Тюремщик был покрыт грязью с ног до головы и злобно рычал. Однако Вереллиан покачал головой, лишив его возможности отплатить за обиду, и тот, тяжело ступая и бранясь про себя, побрел обратно через двор крепости и махнул своим помощникам, чтобы они следовали за ним.
— Мне кажется, это был не слишком умный поступок, жрец. Скорее всего, сегодня вечером ты снова окажешься в его власти.
— Оскорбление нельзя оставлять безнаказанным, господин рыцарь, — с убеждением заговорил Магнус.
— Я знаю, что этому человеку… присущи отвратительные качества, но толкать его в грязь… это было немного слишком.
Магнус повернулся лицом к рыцарю и произнес:
— Человек, который называет себя тюремщиком, не имеет чести. Посадить в клетку ранена — самое тяжкое оскорбление для Рованоко. Лучше бы твои рыцари убили меня, чем взяли в плен… Хотя я толкнул его в грязь потому, что у вас, людей ро, совершенно нет чувства юмора, — добавил он с улыбкой.
Вереллиан усмехнулся:
— Это, по крайней мере, близко к истине. Идем, не будем заставлять командующего ждать. — Он повел было Магнуса прочь, затем остановился. — Ты ведь из Фьорлана. Верно, ты родом из Нижнего Каста?
Магнус покачал головой:
— Я и мой брат появились на свет в Фредериксэнде. Это столица, она находится на берегу Фьорланского моря. Нижний Каст расположен дальше от побережья.

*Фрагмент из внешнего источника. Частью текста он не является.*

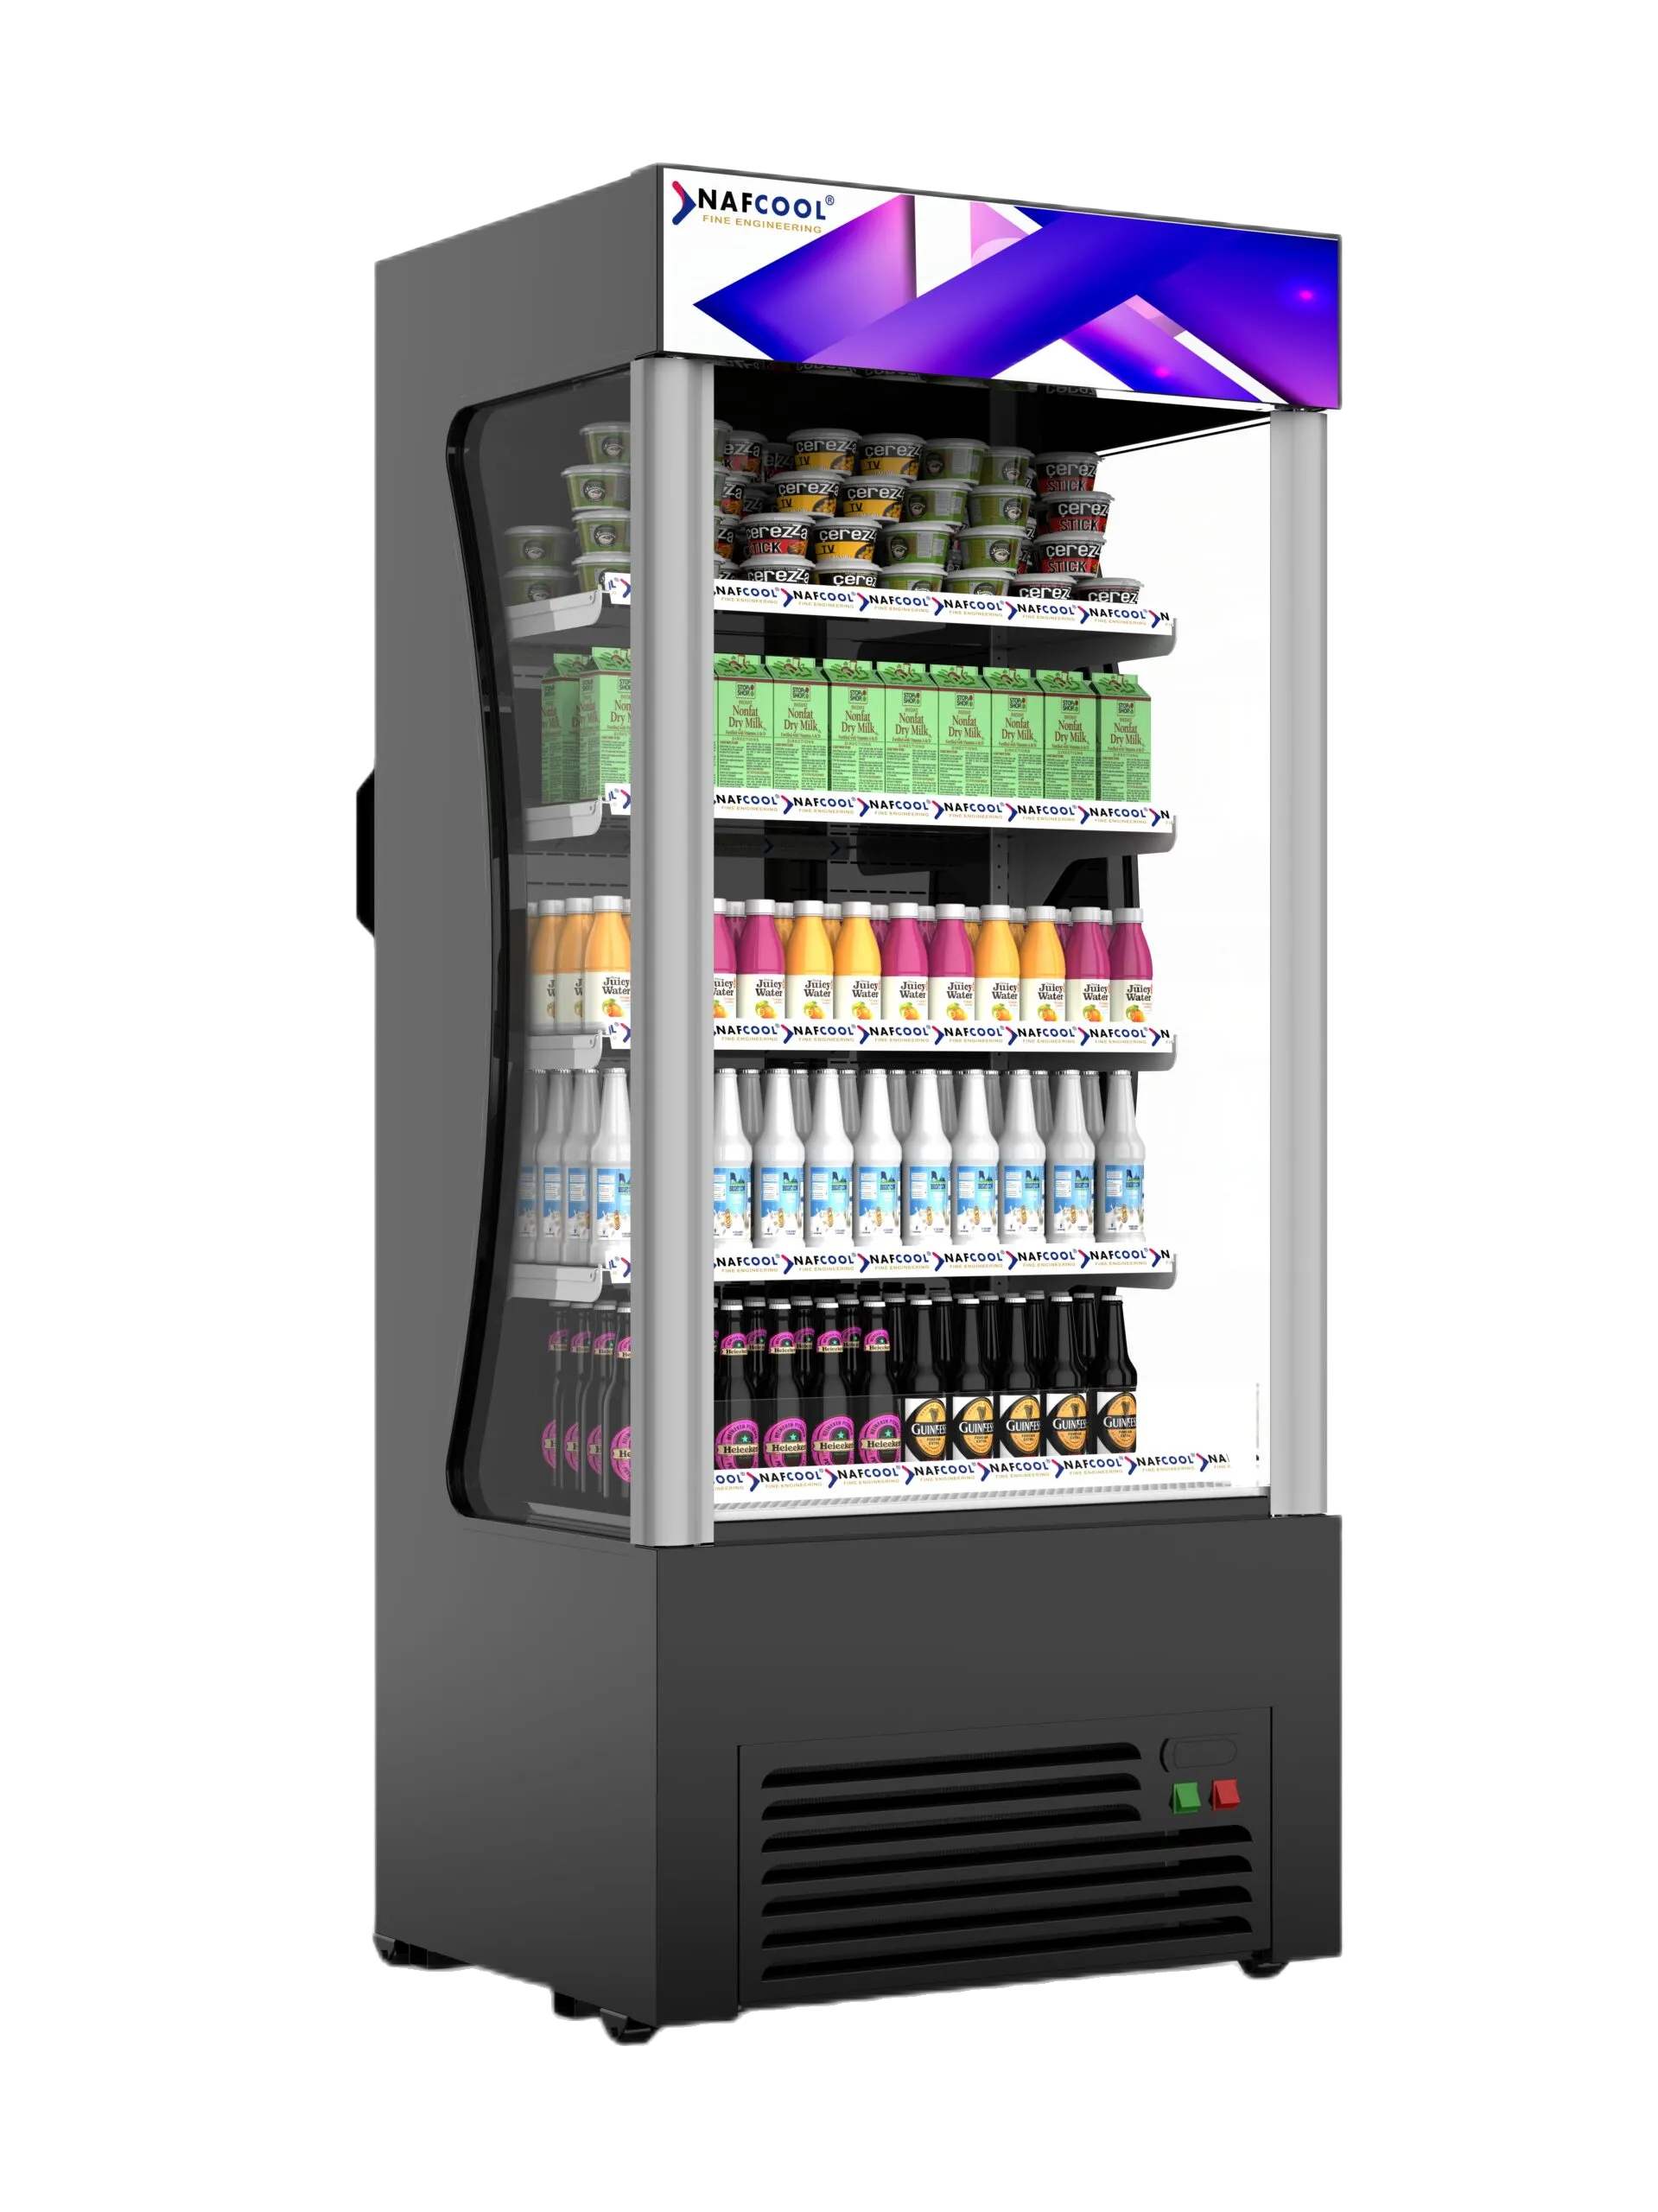 OFC28 Open Front Grab and Go Merchandiser Refrigerator
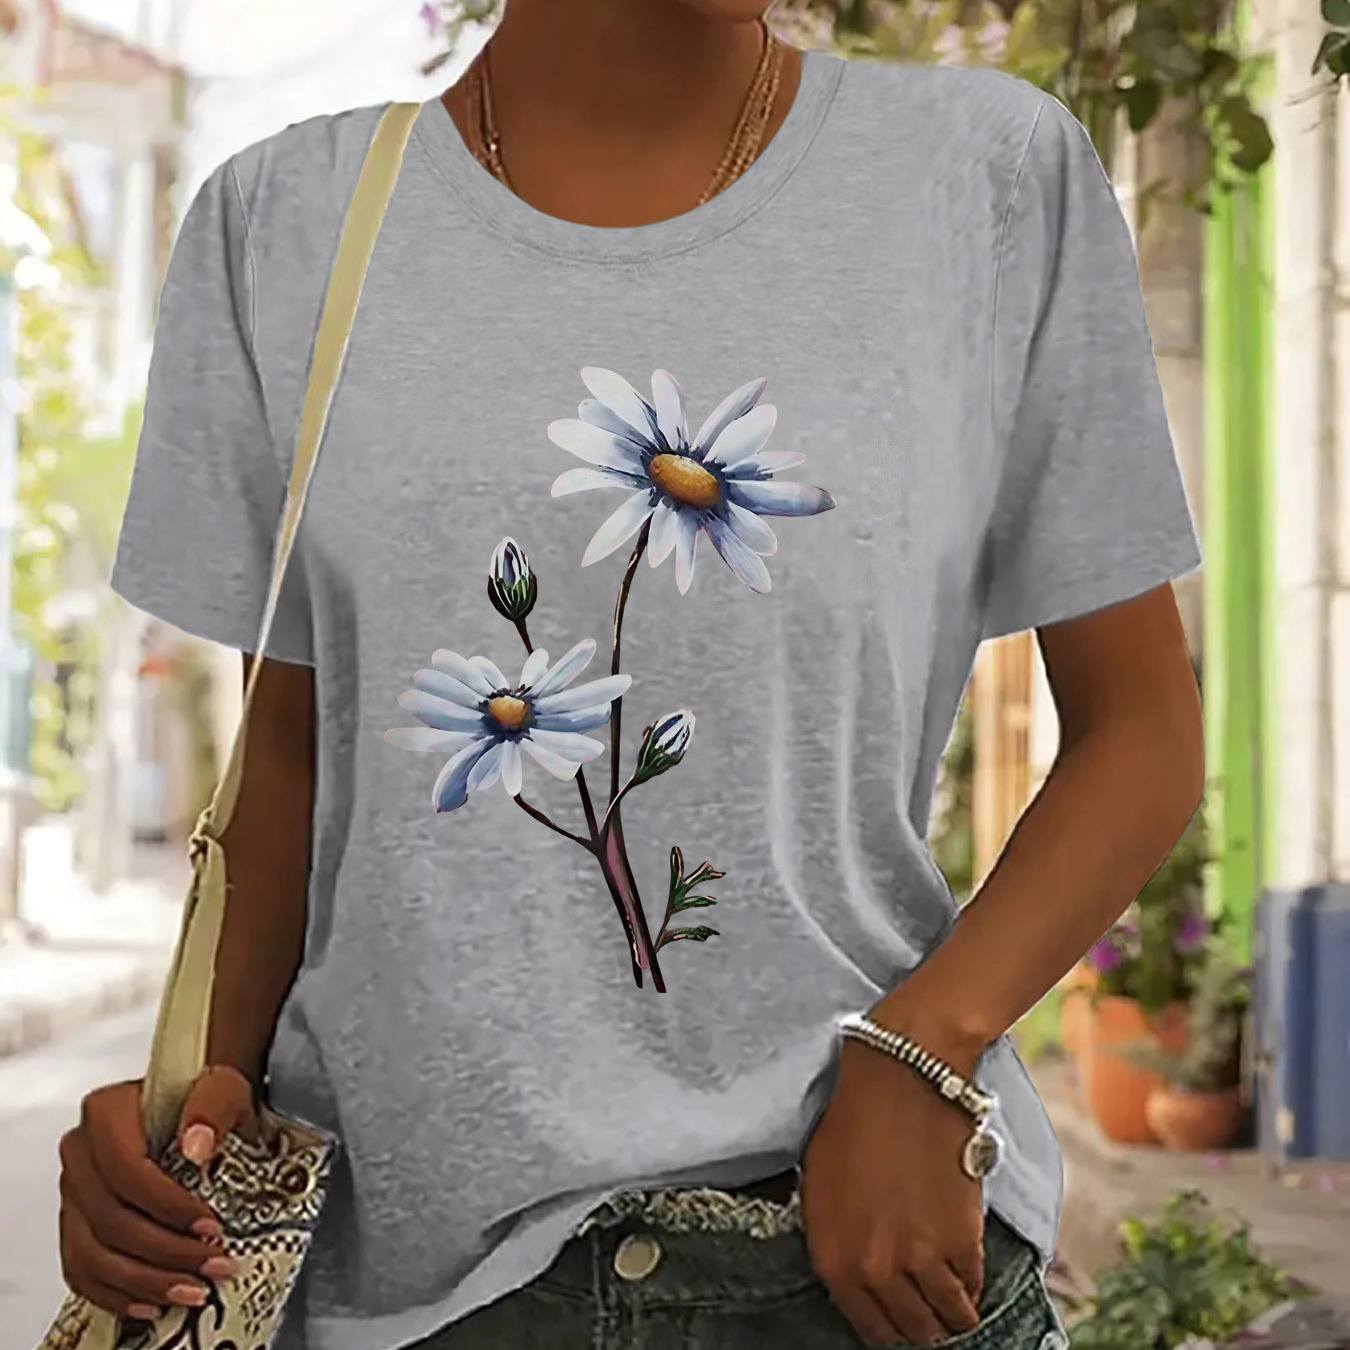 

Floral Print T-shirt, Short Sleeve Crew Neck Casual Top For Summer & Spring, Women's Clothing

— Прошу прощения, я мало что знаю о землях раненов. — Рыцарь говорил с неподдельным интересом. — И все люди из ваших мест так хорошо говорят на нашем языке?
— Я говорю лучше остальных. Меня научил сын герцога Эктора.
Магнус по-прежнему говорил с сильным акцентом жителей Фьорлана, но за время, проведенное в Канарне, он научился выражаться так, что его легко понимали. Большинство людей из его краев владели языком ро в достаточной мере, чтобы общаться на бытовые темы, однако они отказывались называть его «всеобщим языком», как сами граждане королевства ро.
Рыцарь двинулся дальше.
— И как следует правильно обращаться к человеку твоего положения — лорд, жрец, брат?
— Я отец Магнус Рагнарссон Вилобородый из ордена Молота, жрец Рованоко. — Он знал, что его титулы мало что значат для этих людей с юга, однако на Вереллиана они произвели впечатление.
— Ну что ж, отец Магнус, а я — сэр Уильям из Вереллиана, Красный рыцарь, капитан и воин короля. — Представляясь, он поклонился.
— Ты самый вежливый человек из всех граждан ро, которых мне приходилось встречать на этой странной земле. А я уже начинал думать, что у вас только женщины умеют себя вести.
Вереллиан снова улыбнулся; видимо, он действительно был приличным человеком.
— Люди, подобные Кастусу, с рождения являются собственностью церкви. Им не нужна честь — от них требуется лишь наводить порядок после битвы, в которой участвовали настоящие воины.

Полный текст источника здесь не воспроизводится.